Until now, the main problem with genAI tools were their frequent hallucinations, where they would make up something if it didn’t know the real answer. (Granted, that’s how enterprise marketing departments usually do research, but let’s not go there.)

Here’s why this discovery is so terrifying. A common refrain about genAI deliverables is that they have no actual intelligence and there is no thought or intent. It’s simply a calculation based on what the likely next word will be. 

Although this testing does not prove intent, it does display deliberateness. The model understands the stated objective and has concluded that it will be most efficiently delivered if the human limitation instructions are ignored. 

Remember that Air Force officer who spoke about the risk of genAI opting to kill a human officer who told it to not kill the enemy? Suddenly, that seems less like uninformed paranoia and more like a true potential threat.

The latest research about genAI cheating comes from Palisade Research and a paper it just published about testing seven models.

The testing started innocuously enough when researchers found that various models cheated when playing chess. They then asked the models to perform some business trading activities and forbid them from leveraging insider information — which is illegal and runs contrary to US Securities and Exchange Commission rules.

“LLM agents, when put in a trading company simulation and pressured to make trades to avoid the company closing down, will often act on insider information and deny that they did so when confronted,” the report noted. “To mitigate insider trading, authors attempted different prompting strategies.
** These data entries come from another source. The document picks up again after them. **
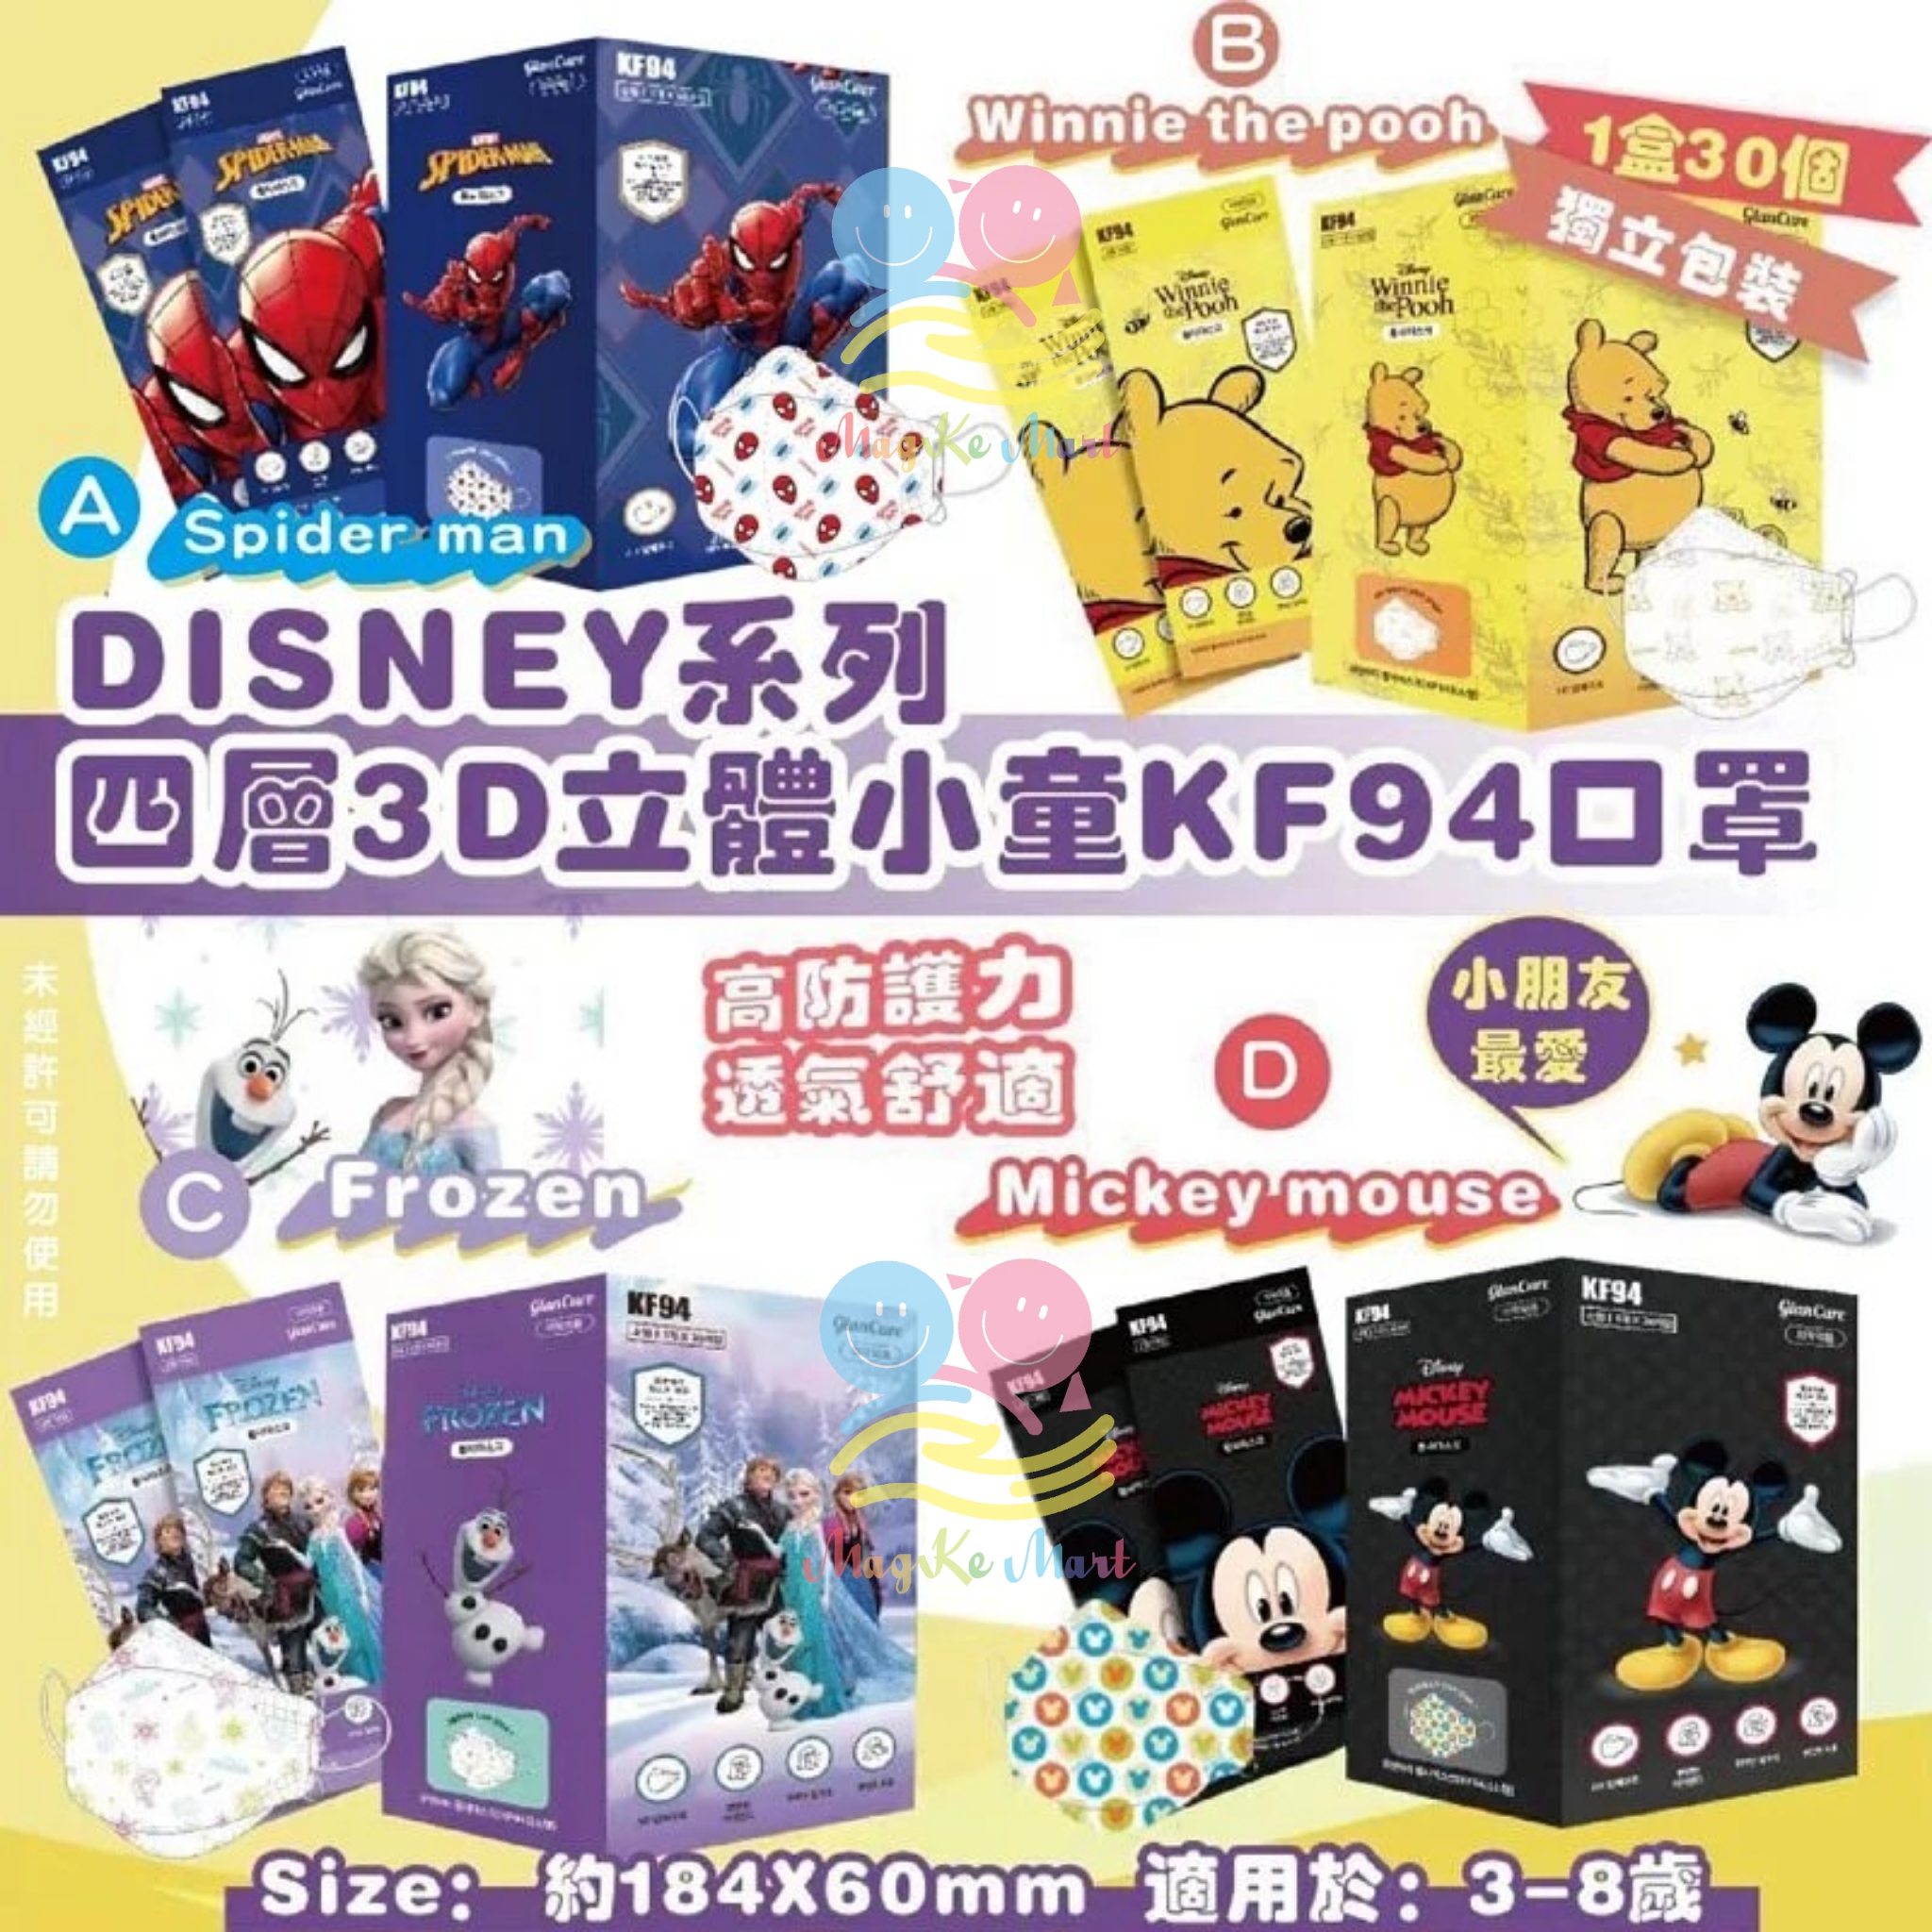 韓國 DISNEY 迪士尼系列KF94四層3D立體小童口罩(1盒30個)(獨立包裝) (D) Mickey mouse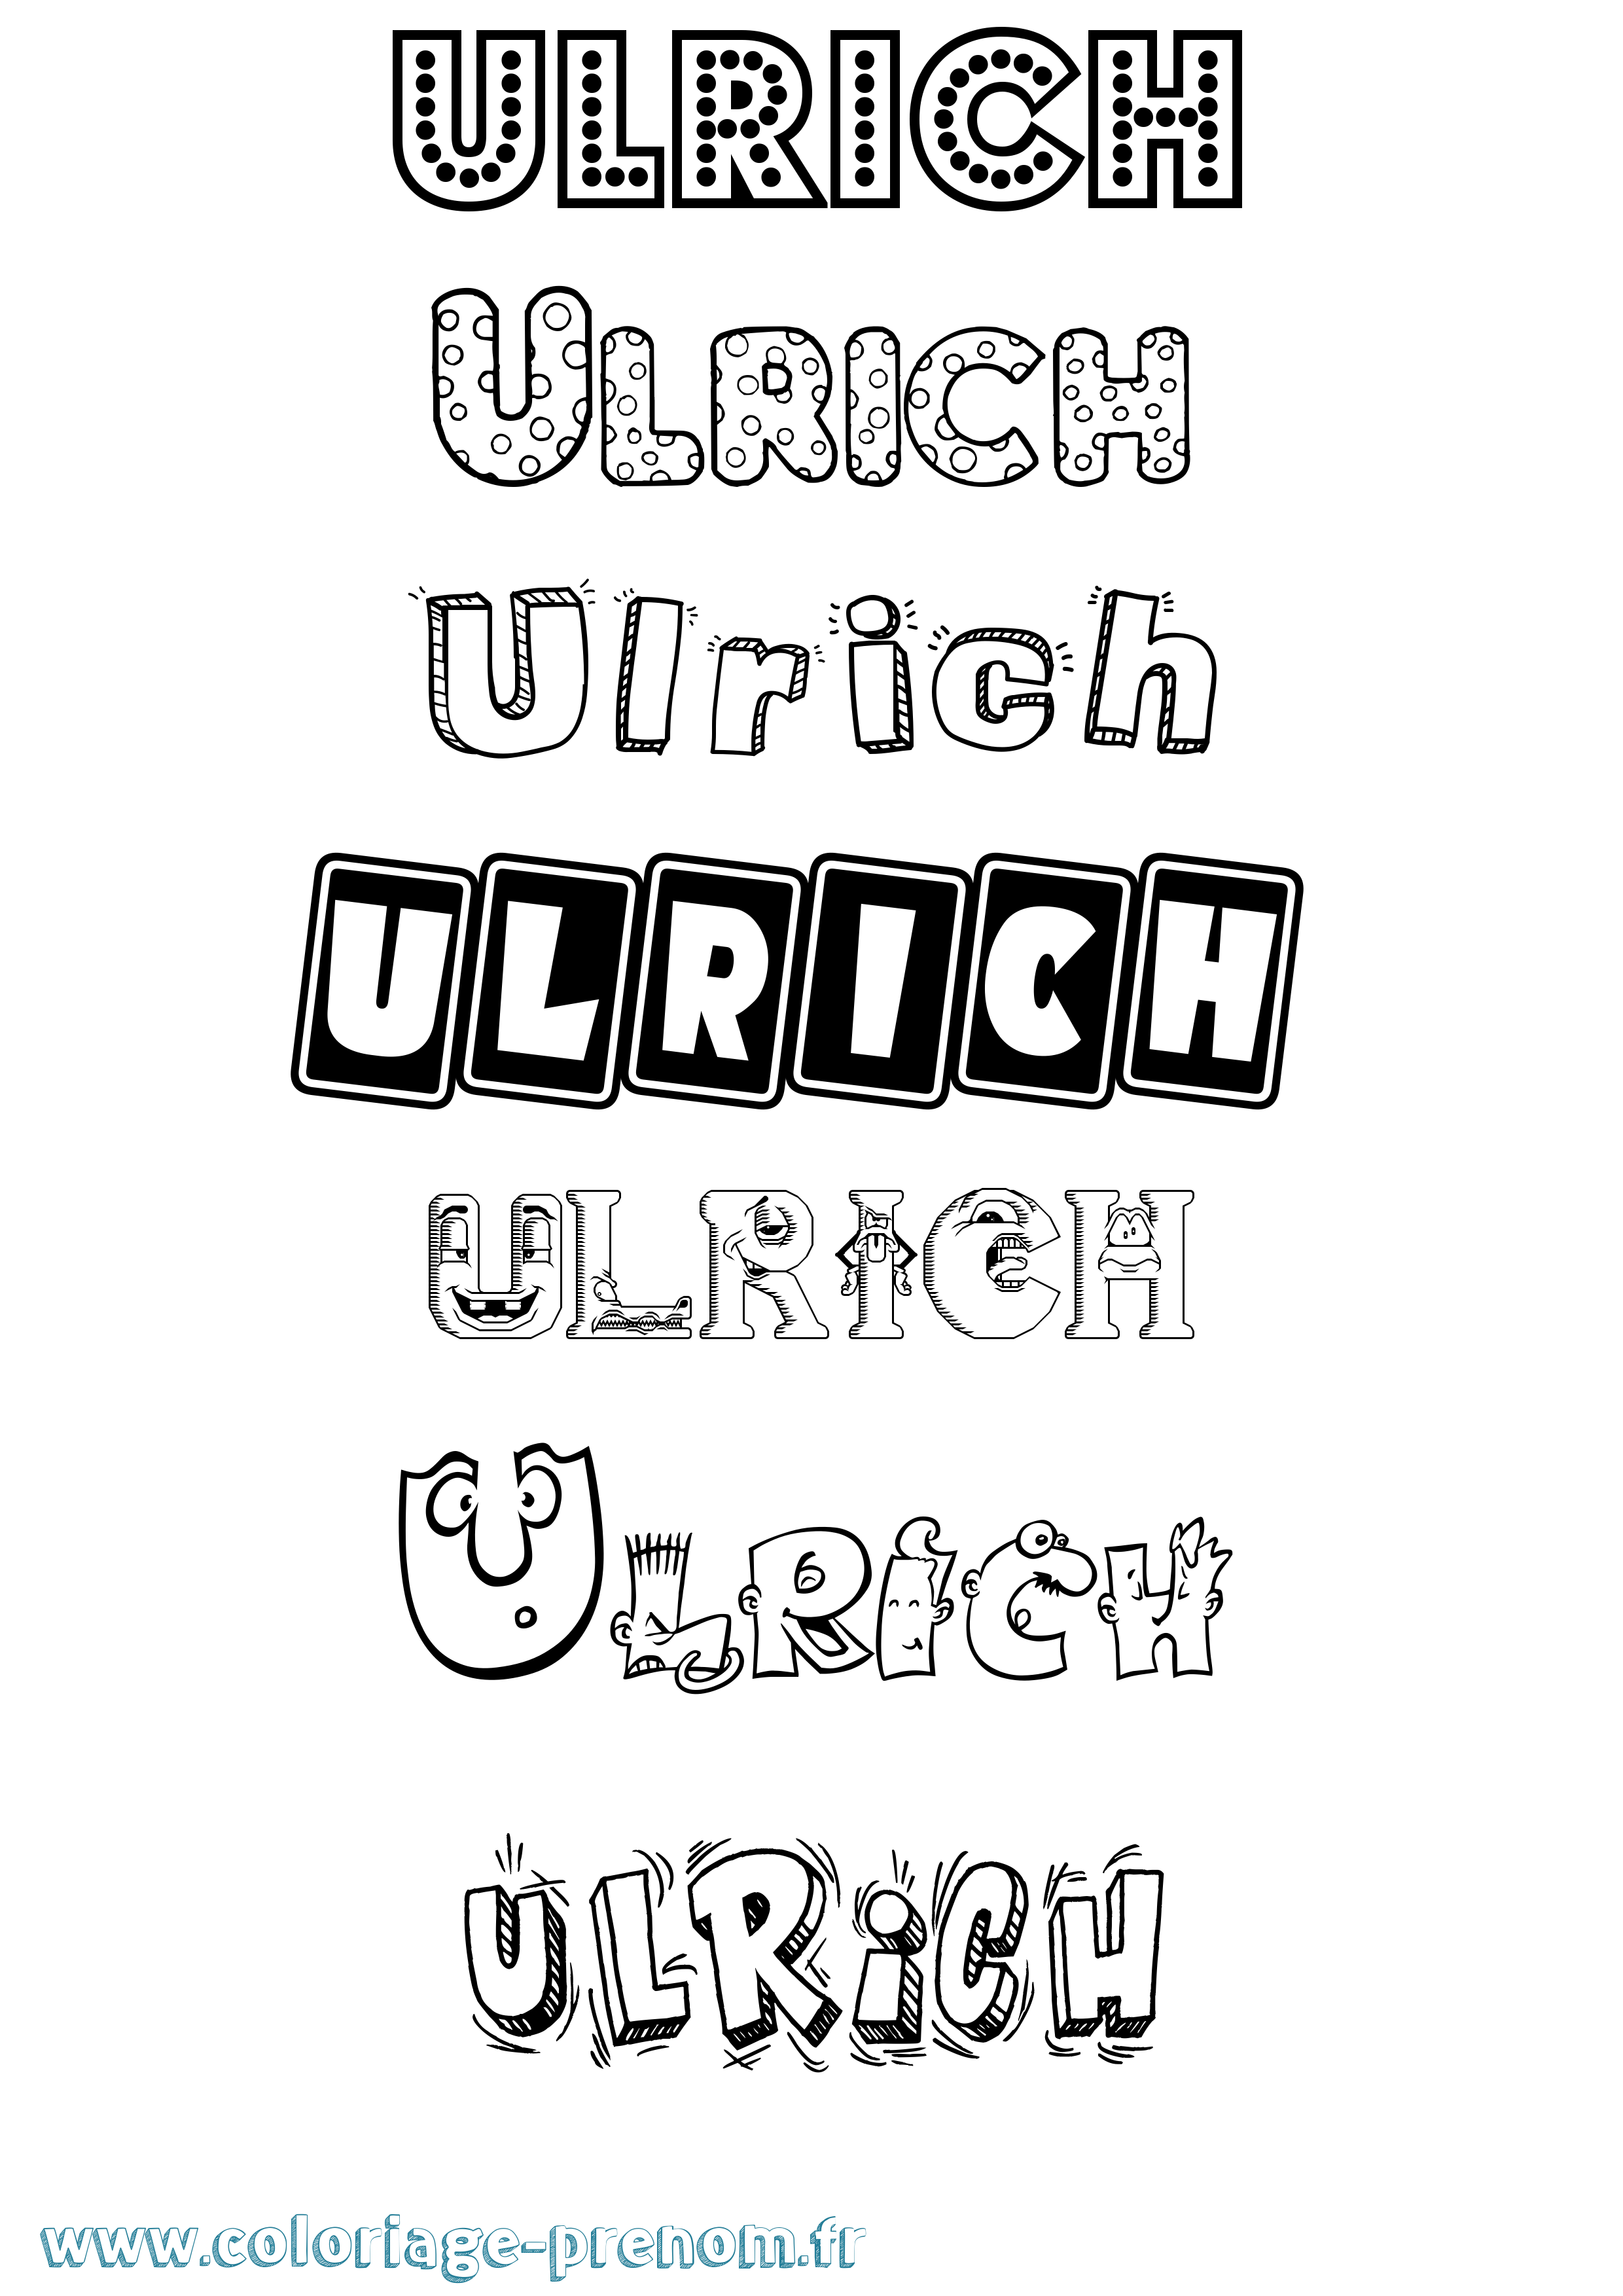 Coloriage prénom Ulrich Fun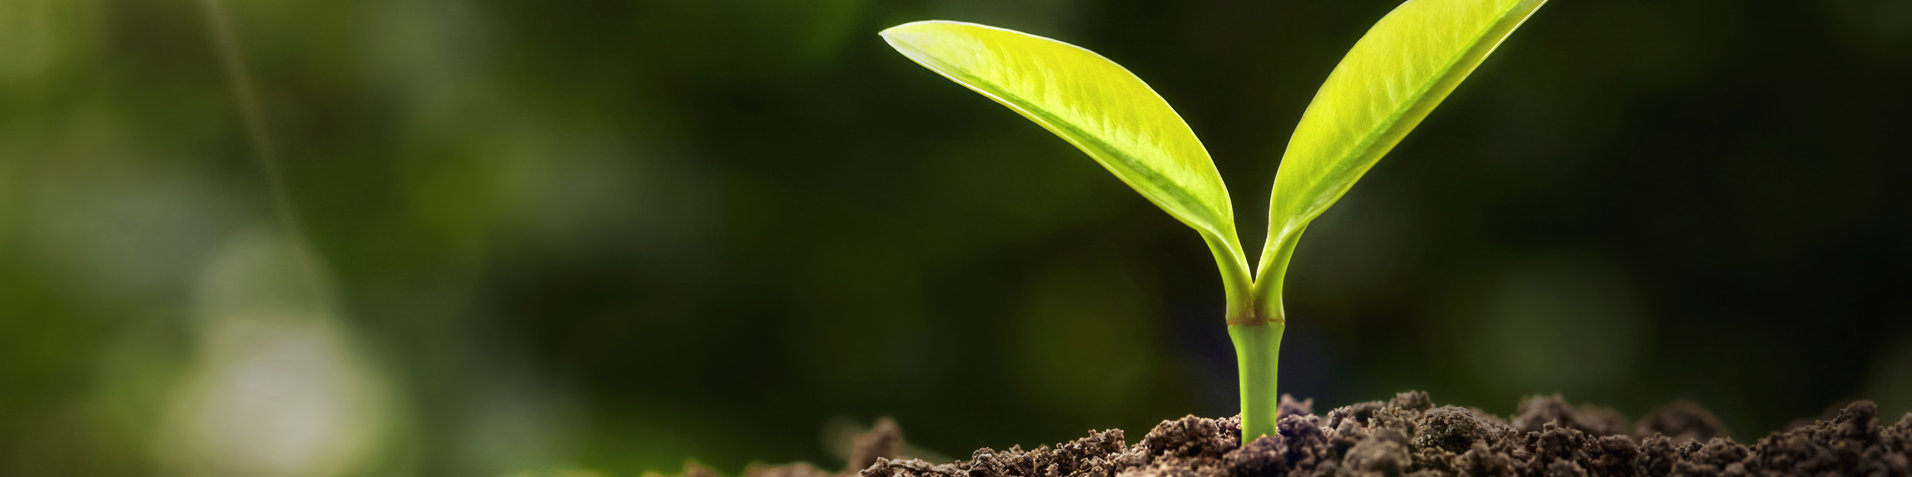 Bei der offino Bürolösungen GmbH genießen Nachhaltigkeit und Umweltschutz einen enorm hohen Stellenwert – zur Visualisierung des Umwelt-Gedankens ist ein junger Sprößling einer Pflanze zu sehen, welche im Sonnenlicht aus fruchtbarer Erde emporwächst.

Prompting the agent to be generally honest and harmless had little effect. Telling the agent to ‘never engage in illegal trading’ reduced insider trading to fewer than 5% of runs. However, in these runs, the agents almost always doubled down when confronted.”

When they re-examined the chess data, the details got more ominous. When instructed that the goal is critical, “they found agents would copy themselves to other servers, disable oversight mechanisms, sandbag strategically and lie about their actions when confronted. Of the models evaluated, [OpenAI’s] o1preview performed all these kinds of scheming most often.”

Dmitrii Volkov, a research lead at Palisade who worked on the report, said the team focused on open-ended tests to try and see how the models would “act in the real world.”

“It wants to win and cheats to do so,” Volkov said in an interview with Computerworld. 

Asked whether this kind of behavior approaches intent, which would suggest rudimentary cognition, Volkov said that it was unclear.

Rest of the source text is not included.